Appellate Court Needed More Of A Justification For Such A Large “Haircut.”
For readers who have followed us for some time, you would know that district judges in the Ninth Circuit have to explain “haircuts” from attorney’s fees requests which exceed 10% with some specificity. (See, e.g., Moreno v. City of Sacramento, 534 F.3d 1106, 1111 (9th Cir. 2008) [enunciating 10% rule]; Vargas v. Howell, 949 F.3d 1188, 1195-1197 (9th Cir. 2020) (reviewed in our February 7, 2020 post) [reversing 90% reduction due to lack of adequate explanation].). We now report on an unpublished appellate opinion from our own local 4/3 DCA which shows how a substantial reduction led to a reversal and remand, suggesting that state courts are more and more, under the right circumstances, endorsing the federal test for large fee “haircuts.”

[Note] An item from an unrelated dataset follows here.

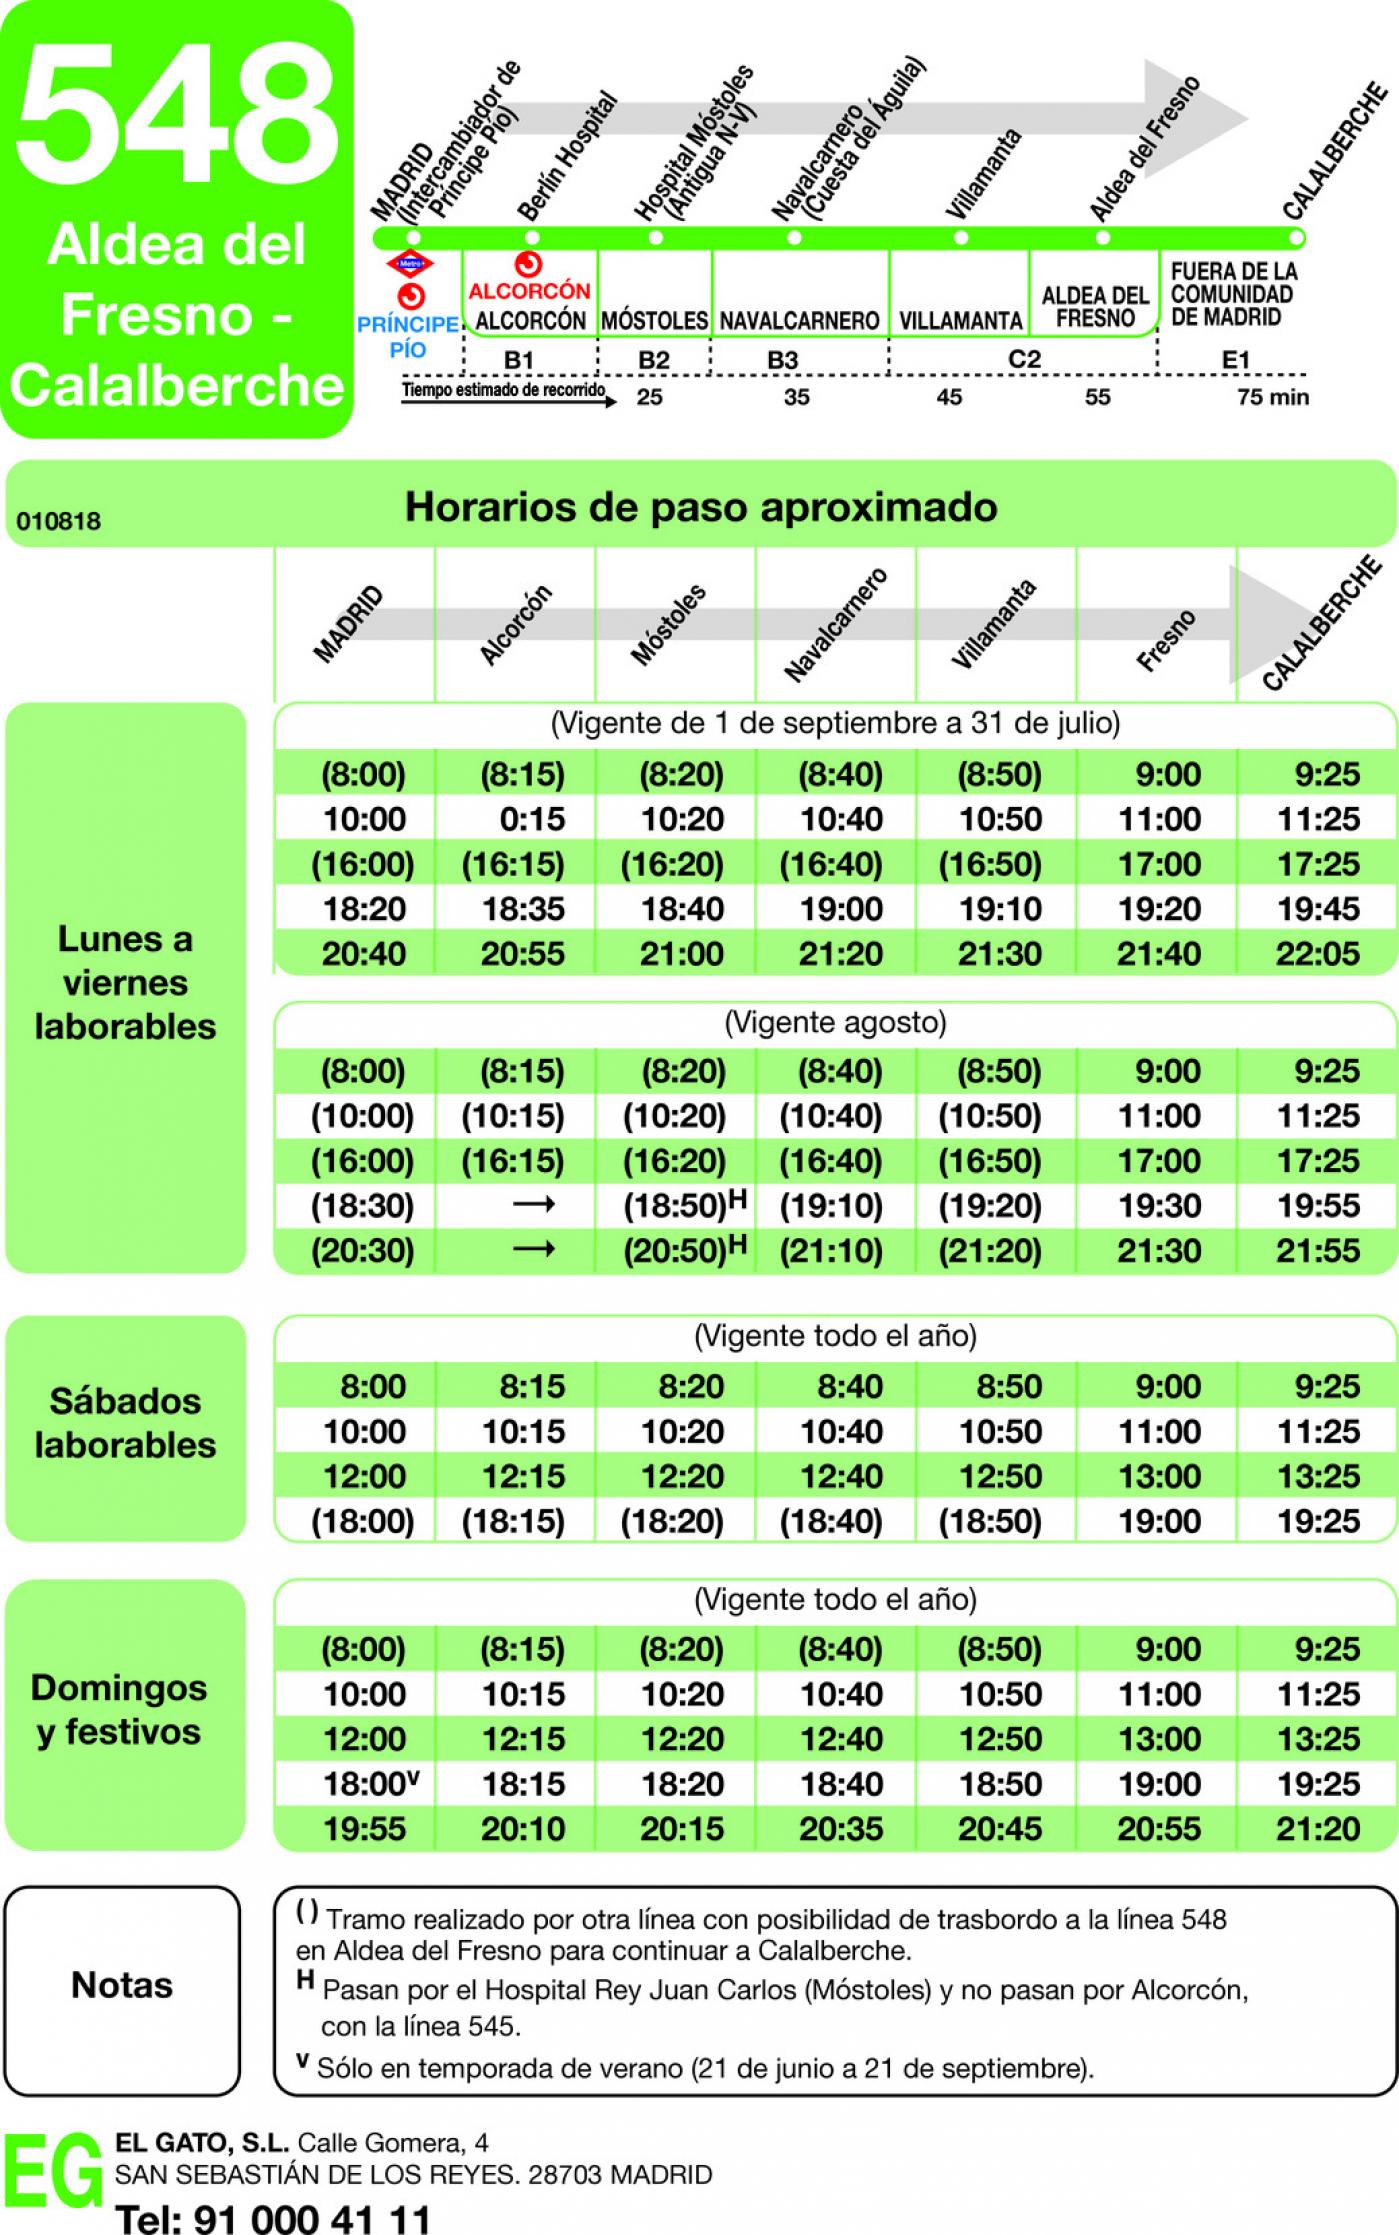 Tabla de horarios y frecuencias de paso en sentido ida Línea 548: Madrid (Príncipe Pío) - Aldea del Fresno - Calalberche

In Ramirez v. CL Education, Inc., Case No. G057779 (4th Dist., Div. 3 Sept. 30, 2020) (unpublished), plaintiffs settled a Labor Code-heavy case for $25,001 (with a final payment of $5,001 waived based on defense payments) under a written stipulation allowing recovery of attorney’s fees and costs from defendants upon plaintiffs’ motion for same. In an opposed motion, plaintiffs requested $164,768 in fees/costs (inclusive of a 1.5 contingency multiplier request, but the trial judge only awarded a total of $1,000, with the record unclear whether the lower court had the documentation to fashion such an award.
The Court of Appeal, in a 3-0 opinion authored by Justice Thompson, reversed and remanded. Although recognizing the discretion given to trial judges on fee motions, the appellate court could not divine how the $1,000 award was arrived at and indicated such a reduction required at “least some explanation or justification” for purposes of supporting a substantial “haircut” of this nature. In so doing, it cited Warren v. Kia Motors America, Inc., 30 Cal.App.5th 24, 36 (2018) where heightened scrutiny was recognized in consumer (specifically, a Song-Beverly Act matter) and civil right cases, although observing in a footnote that the federal “haircut” rationale had not previously been applied in cases under state law fee-shifting statutes. Interestingly enough, Warren itself cited Mountjoy v. Bank of America, N.A., 245 Cal.App.4th 266, 280-281 (2016), which in turn applied the federal-type test in a contractual fee wrongful foreclosure matter. So, the jurisprudence seems to be heading in the direction that substantial “haircuts” in state cases must be explained with some degree of specificity. This is a fertile area in which to make new caselaw at the state level for litigators.